Much further to the south, legend claims that there exists a lost continent called Gu, once inhabited by cities of men and other intelligent beings and now there are only beasts and ghosts.  The legend is dismissed by many casual scholars, but historians of the Builders know that they quarreled with the Ancients for some territory on that very continent.  Moreover, the reason for the Builders’ interest was a colossal sick rock lode in the mountains of Gu.

While Gu exists, its precise location is not charted on any maps found by this esteemed researcher.  Fishermen to the south claim that great storms crowd the southern seas, and only wizards are seen to venture past them.  It is this author’s expert opinion that the stories of ghosts and monsters are mere superstition, but Gu and the storms are not.

Gathered stores

Fortunately, there are a number of smaller caches of sick rock in greater proximity to Denethix (glory to Faretha!), though they are smaller and difficult to obtain.  Such caches are very likely to be of the refined form of the mineral.

Mount Rendon

Two day’s journey along the Western Road, a traveler will encounter the pathetic village of Clemfordshire.  Nearby are the monster-haunted slopes of Mount Rendon, which supposedly contains a great college of magical study, among many other reputed wonders.  

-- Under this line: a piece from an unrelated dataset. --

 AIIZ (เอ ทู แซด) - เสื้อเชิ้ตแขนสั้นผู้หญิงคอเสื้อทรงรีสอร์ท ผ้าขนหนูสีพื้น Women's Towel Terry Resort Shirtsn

It is known that protonium materials were forged in its depths, and this was done by combining geothermal heat with the fires produced by sick rock.  It stands to reason that there must be a cache within this facility.

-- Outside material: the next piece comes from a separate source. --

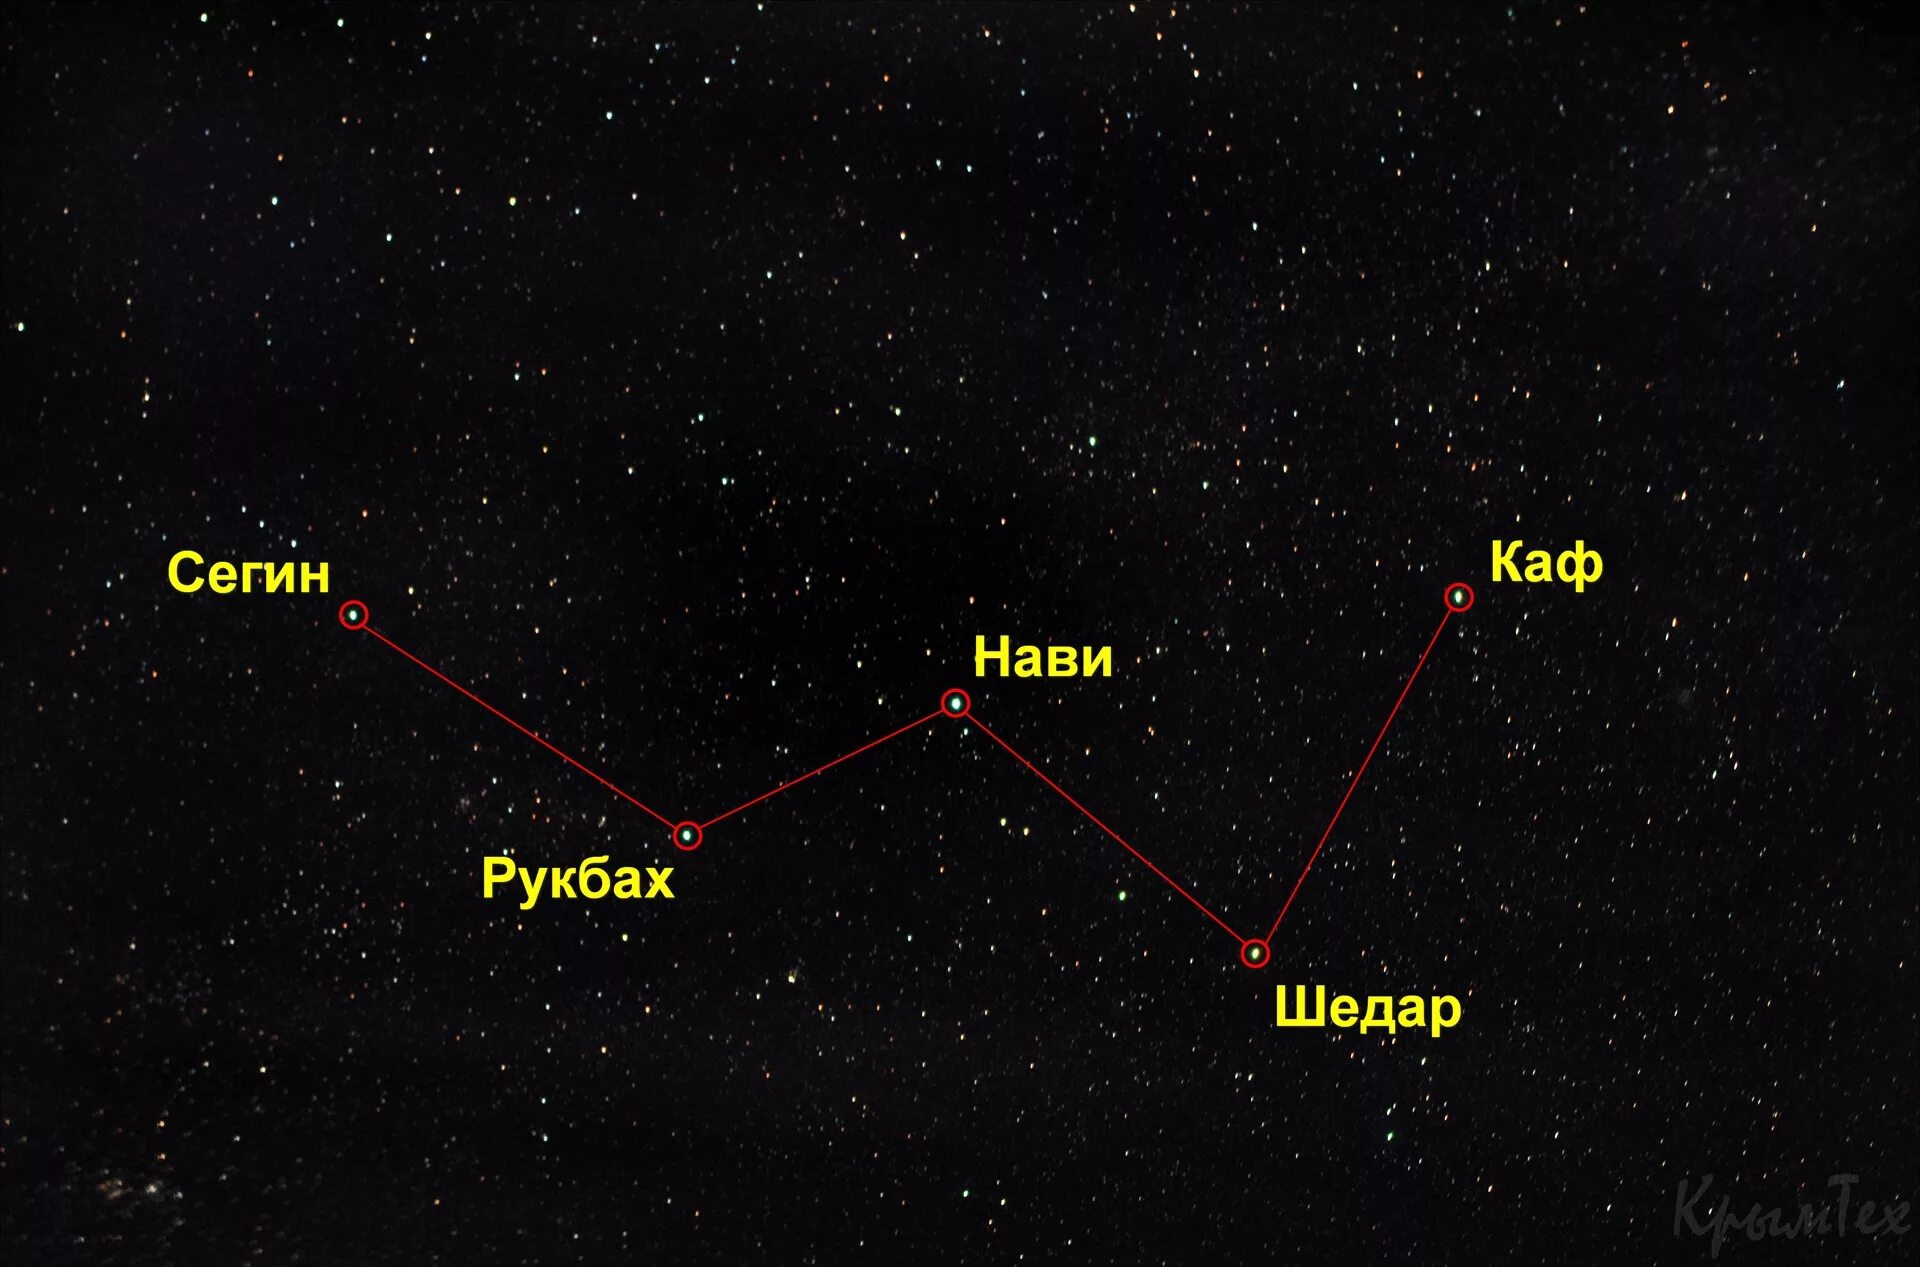 Созвездие в форме буквы. Кассиопея Созвездие название звезд. Звезда Сегин Кассиопея. Самая яркая звезда в созвездии Кассиопея. Шедар Созвездие Кассиопея.

Unfortunately, part of the reason for this likelihood is the fact that this academy of the Ancients has never been breached in over a millennium.  Many have tried to gain entry, only to have been turned away at its seamless gates of protonium.

Near Carrowmere

Directly west of Denethix (long shall its blessed streets wend), along the Western Road but two-score leagues further, past the dread wizard Canus, one finds the territory of the less-horrible wizard Brother Dagon.  Therein one finds the village Carrowmere at the fringes of the Trackless Marsh.  And upriver from Carrowmere is a dam that is one of the last intact edifices of the Builders in this part of the world.

It is known that the Builders used the vast energies of the rushing waters of the Dretchen River along with their sick rock alchemy to shift the position of the moon above.  This is based on conversations with certain temple gods as recently as the last generation.  They recalled the events with some alarm, even then.  The legends say that the ritual site was on the other side of the mirror, and that is all that is known.

Isle of Kalmatta

To the southwest in tropical waters there is the island called Kalmatta.  There are a number of strange legends associated with the place, and the unparalleled author of this tract lacked the time and resources to investigate most of their veracity.  But one story of interest is that a cargo ship of the Builders, returning from the Land of Gu, was wrecked on Kalmatta after limping away from an ambush of the Ancient navy.

A number of existing records confirm that this story is based in fact.  There is a strong probability that most if not all of this cache remains where it was wrecked: on the southern rocks of Kalmatta.  The nature of these shores precludes landing, and the nature of the sick rock repels interlopers.

Kalmatta was the last refuge of the Kamehannet Empire, a minor kingdom that rose up long after the passing of the Ancients.  It is said that the tombs of their god-kings still contain the riches that they were buried with.